Gonzalo Ruiz - Relationship With The Troubadours

Relationship With The Troubadours

In the song Chantarai d'aquest trobadors, a famous satire by Peire d'Alvernhe of twelve contemporary troubadours, one "Guossalbo Roitz" is listed among them. This name is the Occitanised form of the Old Spanish name "Gonçalvo Roiz", which is modern Spanish "Gonzalo Ruiz". Ruiz is not a surname but a patronymic meaning "son of Rodrigo (i.e. Ruy)". If Peire's satire was performed at Puivert before an audience that included the satirised troubadours and the entourage of Eleanor of England, who was passing through Gascony on her way to marry Alfonso VIII of Castile, then the identification of Guossalbo Roitz with Gonzalo Ruiz of Bureba becomes probable. Peire has this to say about his eleventh "victim" in lines 67 to 72:

E l'onzes Guossalbo Roïtz
que.s fai de son trobar formitz
tan que cavallairia.s fen;
et anc per lui non fo feritz
bos colps, tan ben no fon garnitz,
si doncs no.l trobet en fugen.
And the eleventh Gonzalo Ruiz,
who makes himself so satisfied because of his poetry
that his knightly valour goes to pieces;
and never was good blow struck by him,
no matter how well he was armed,
if indeed he did not happen on it while fleeing.

Peire is making fun of Gonzalo's well-known military career. In fact, Peire may have learned about Gonzalo on a trip he made to Castile in the spring of 1158. If he did not meet Gonzalo at the Castilian court, where Gonzalo undoubtedly was between January and February, then he may have met him at the meeting of Sancho III of Castile, Raymond Berengar IV of Barcelona, and Sancho VI of Navarre in the summer of that year.

Gonzalo Ruiz is also the name of a dedicatee of Quan vei pels vergiers desplegar, a sirventes of Bertran de Born, usually dated to the spring of 1184. This may be the same Gonzalo referred to in Peire d'Alvernhe's song, but Martí de Riquer i Morera suggests instead Gonzalo Ruiz de Azagra.
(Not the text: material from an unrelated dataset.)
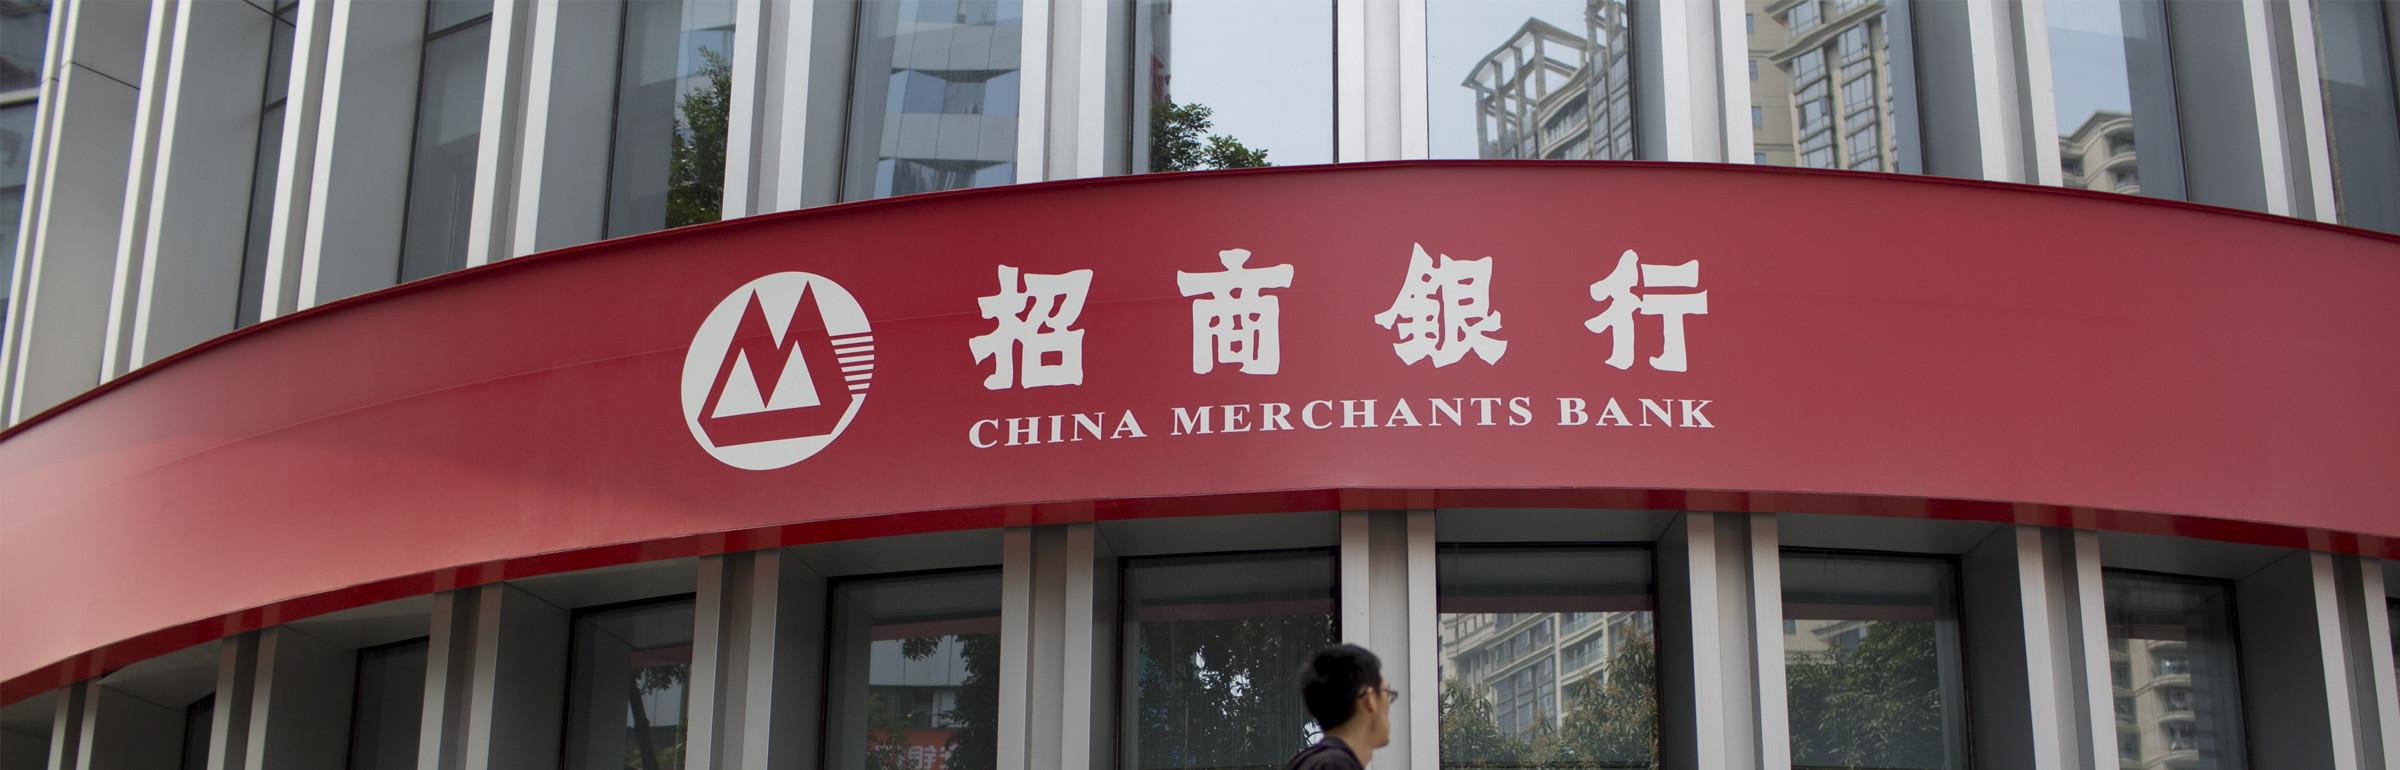 Banner China Merchants Bank

This identity is strengthened by a reference in the poem to Pere Rois, probably Pedro Ruiz de Azagra, lord of Albarracín and the brother of Gonzalo de Azagra. Bertran's tornada goes like this:

Gossalbo Rois aprenda
de Fraga e fassa chantar
mo sirventes al rey navar
e per Castella l'entenda.
Gonzalo Ruiz, learn
from Fraga and do sing
my sirventes to the Navarrese king
and to Castile send it.

This poem is the second of two violent outbursts by Bertran against Alfonso II of Aragon in 1184. At that time Alfonso had allied with Richard the Lion-hearted and was at the side of the latter during the suppression of a rebellion in the Limousin—where Bertran was Richard's vassal—and Périgord. Fraga, which had been conquered by Raymond Berengar IV of Barcelona in 1149 (after two failed attempts by Alfonso the Battler) and divided between the Montcadas and a Templar barony, lay on the border of Catalonia and Aragon. Evidence from line 18 and from the song's razo suggests that perhaps the Quan vei was intended to be brought by Guillem de Berguedà, a Catalan troubadour and friend of Bertran and mutual enemy of Alfonso II, to Fraga and there transferred to Gonzalo.
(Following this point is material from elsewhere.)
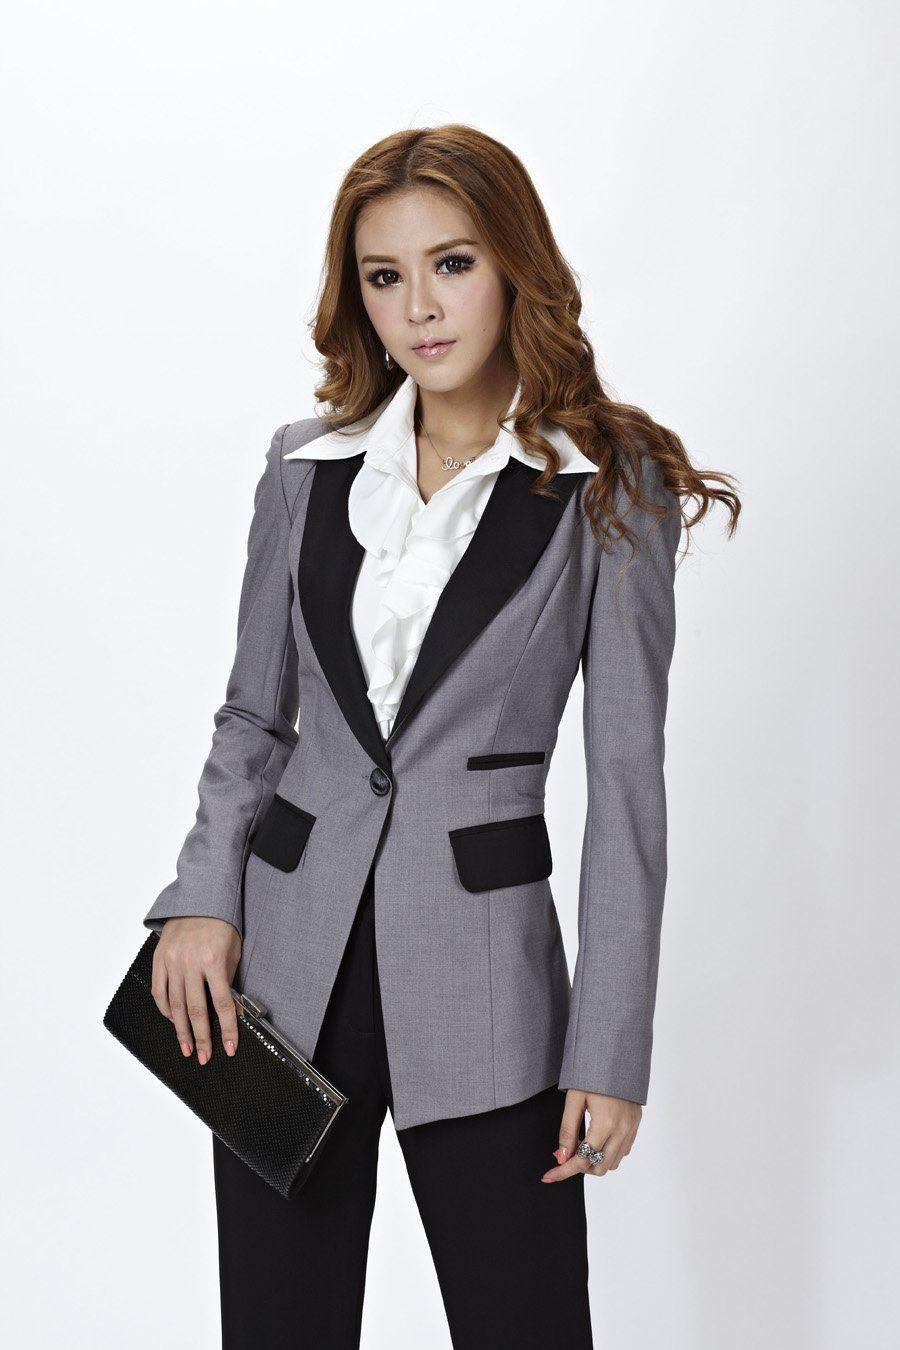 Ladies Pant Suits | 2013 New Women Suits Blazer U0026 Pants For OL Office Ladies Professional ...

Both Bertran's poem and Peire's attest the influence of the troubadours and their poetry on Navarre by the 1170s. If Gonzalo Ruiz is de Azagra, it should be noted that his brother's daughter, Tota Pérez, was married to Diego López de Haro—with whom the lord of La Bureba had a connexion—who was a great patron of troubadours. Rigaut de Barbezill, Peire Vidal, and Aimeric de Pegulhan all spent time at his court, as did Rodrigo Díaz de los Cameros, his son-in-law, one of the earliest Galician-Portuguese troubadours. Riquer attaches the Castilian embassy in France circa 1170 with Gonzalo Ruiz de Azagra.
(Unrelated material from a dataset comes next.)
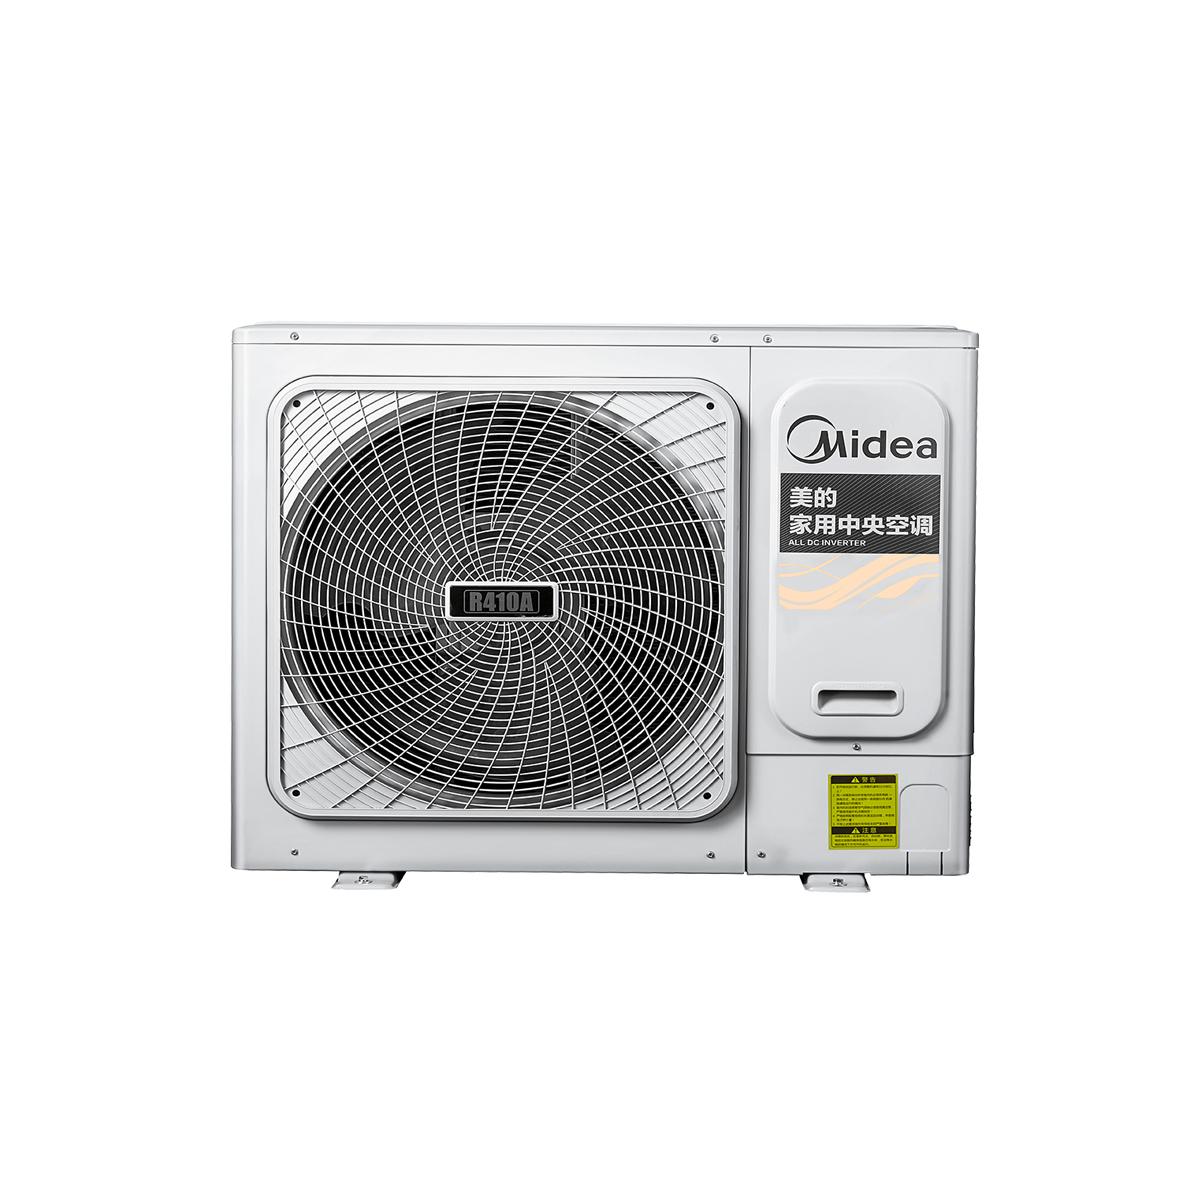 Midea/美的 MDVH-V140W/N1-5R0(E1)中央空调外机 说明书.pdf

Taken together these references to Gonzalo in two Occitan songs of the late twelfth century suggest that Gonzalo was a troubadour or at least a ioculator who could sing Occitan songs. Ramón Menéndez Pidal, in his Poesía juglaresca (1957), argued that "Gonzalvo Ruiz y Pedro de Monzón poetizaban en castellano, o acaso el de Monzón en aragonés" ("Gonzalo Ruis and Pere de Montsó wrote poetry in Castilian, or in the case of Montsó Aragonese").